Dear Julio:

The line of my argument is very similar to the comment
I sent to James Devine.

You wrote:
> As Jim Devine wrote, Marx's description of the
> process of production in
> Capital (vol. I, part III) is akin to this idea.
> After all, the material
> substratum of the capitalist value equation, w = c +
> v + s, is precisely
> some relationship between physical outputs and
> physical inputs.  Without a
> physical link between inputs and outputs, how do we
> tie the value of outputs
> to the value of inputs (rates of exploitation,
> profit rates) or the values
> of inputs to each other (capital composition)?

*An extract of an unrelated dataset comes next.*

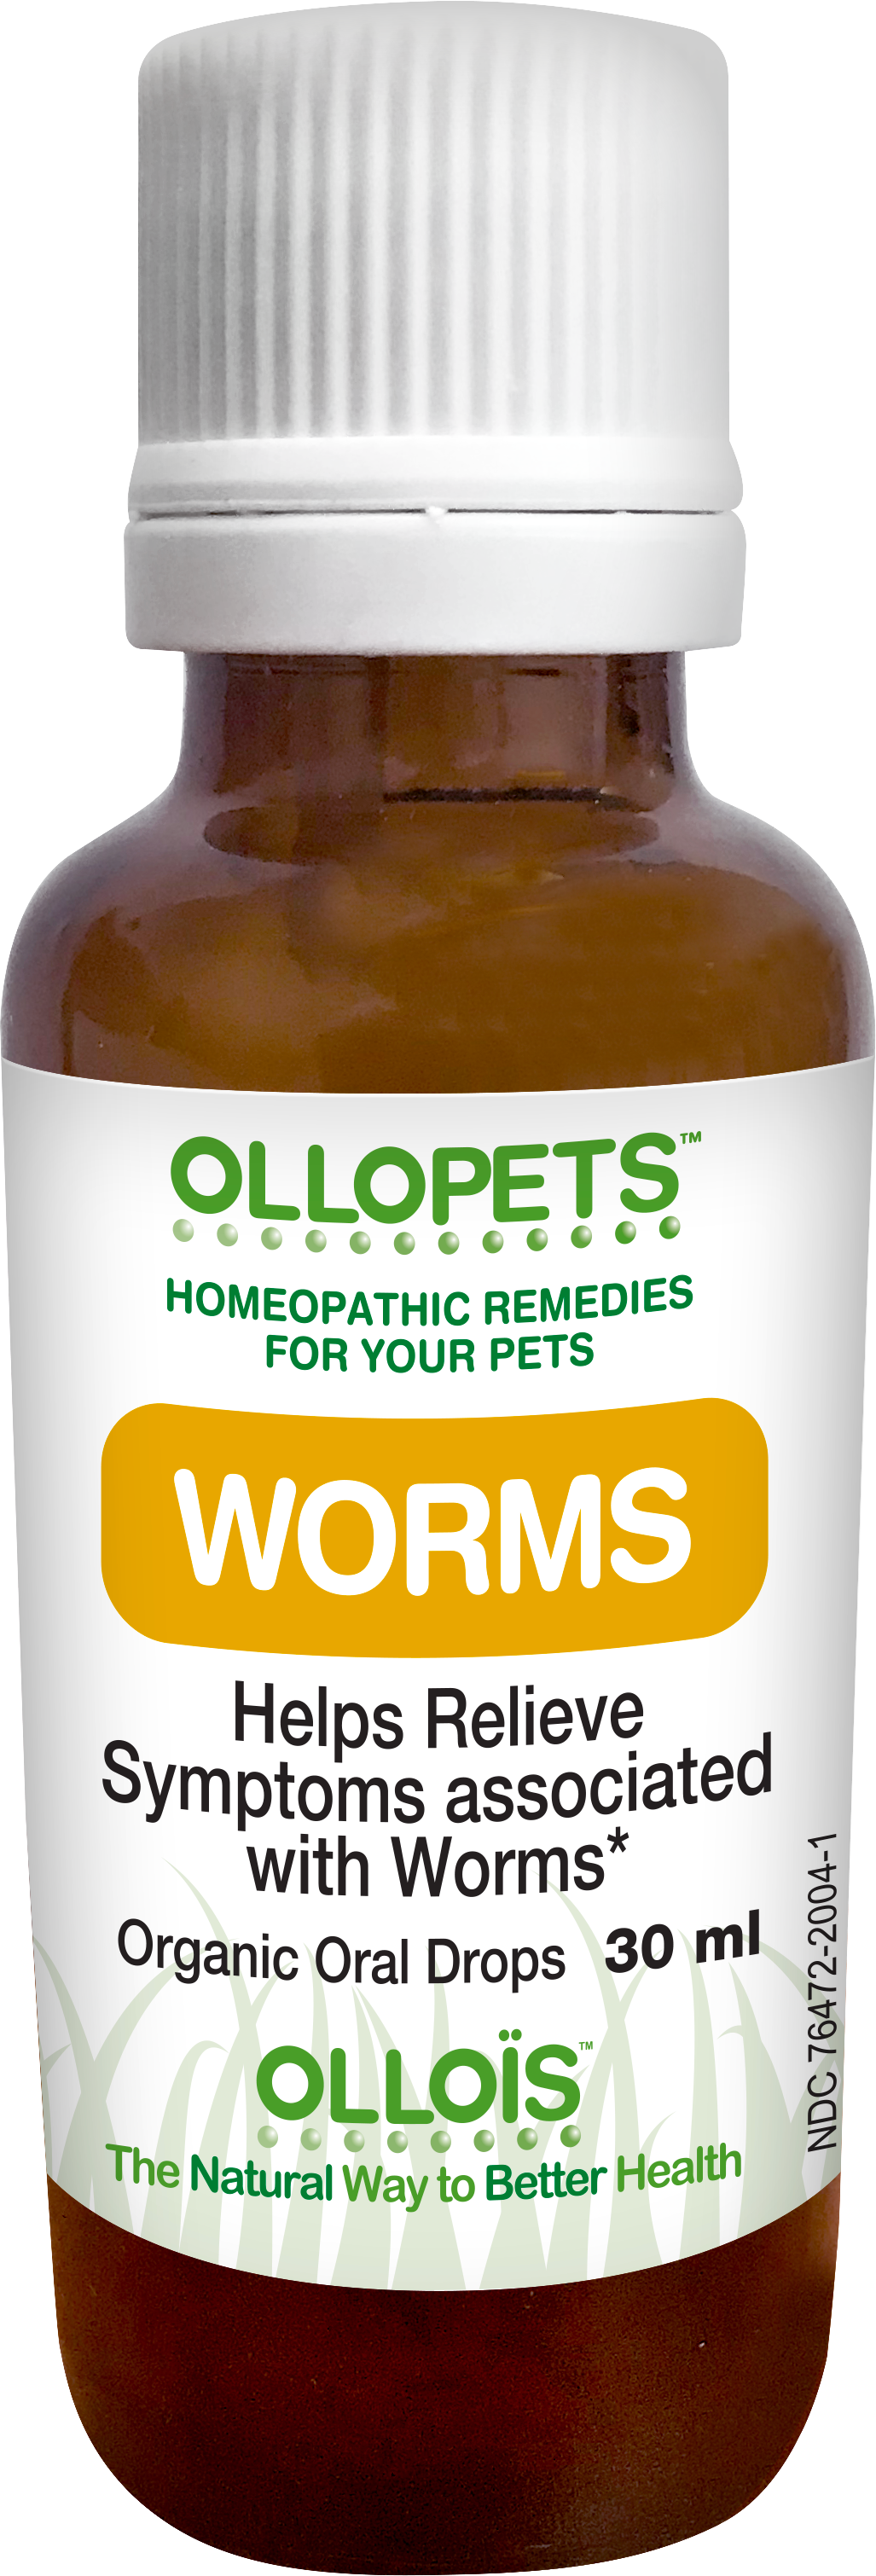 Ollopets Worms

Following Marx, what determines the magnitude of value
of the commodities is the quantity or time of socially
necessary labor for its production, and this labor is
not concrete but "abstract" labor, and is realized
through exchange. When you talk abouth physical inputs
you are talking about concrete labor. So the outputs
resulting of the process of production (in which
Nature is the mother, as William Petty says) are
use-values. (In the market they are commodities and,
therefore, also values) But which are the physical
inputs? I resist to call concrete labor a physical
"input", but let's accept this terminology. As Marx
says, use values are the result not also of concrete
labor but also of nature. So assuming we can deal with
the heterogeneity of labour, how can we deal with
"nature" (this seem stupid or absurd, but let me
continue). Capital is a physical input (as Schumpeter
decided it)? Capital belong to the worlds of Nature,
concrete labor or both? I think that if we accept the
Marxian concept of value, and therefore the reduction
of concrete labor to abstract labor and so on, the
very concept of production function is at risk.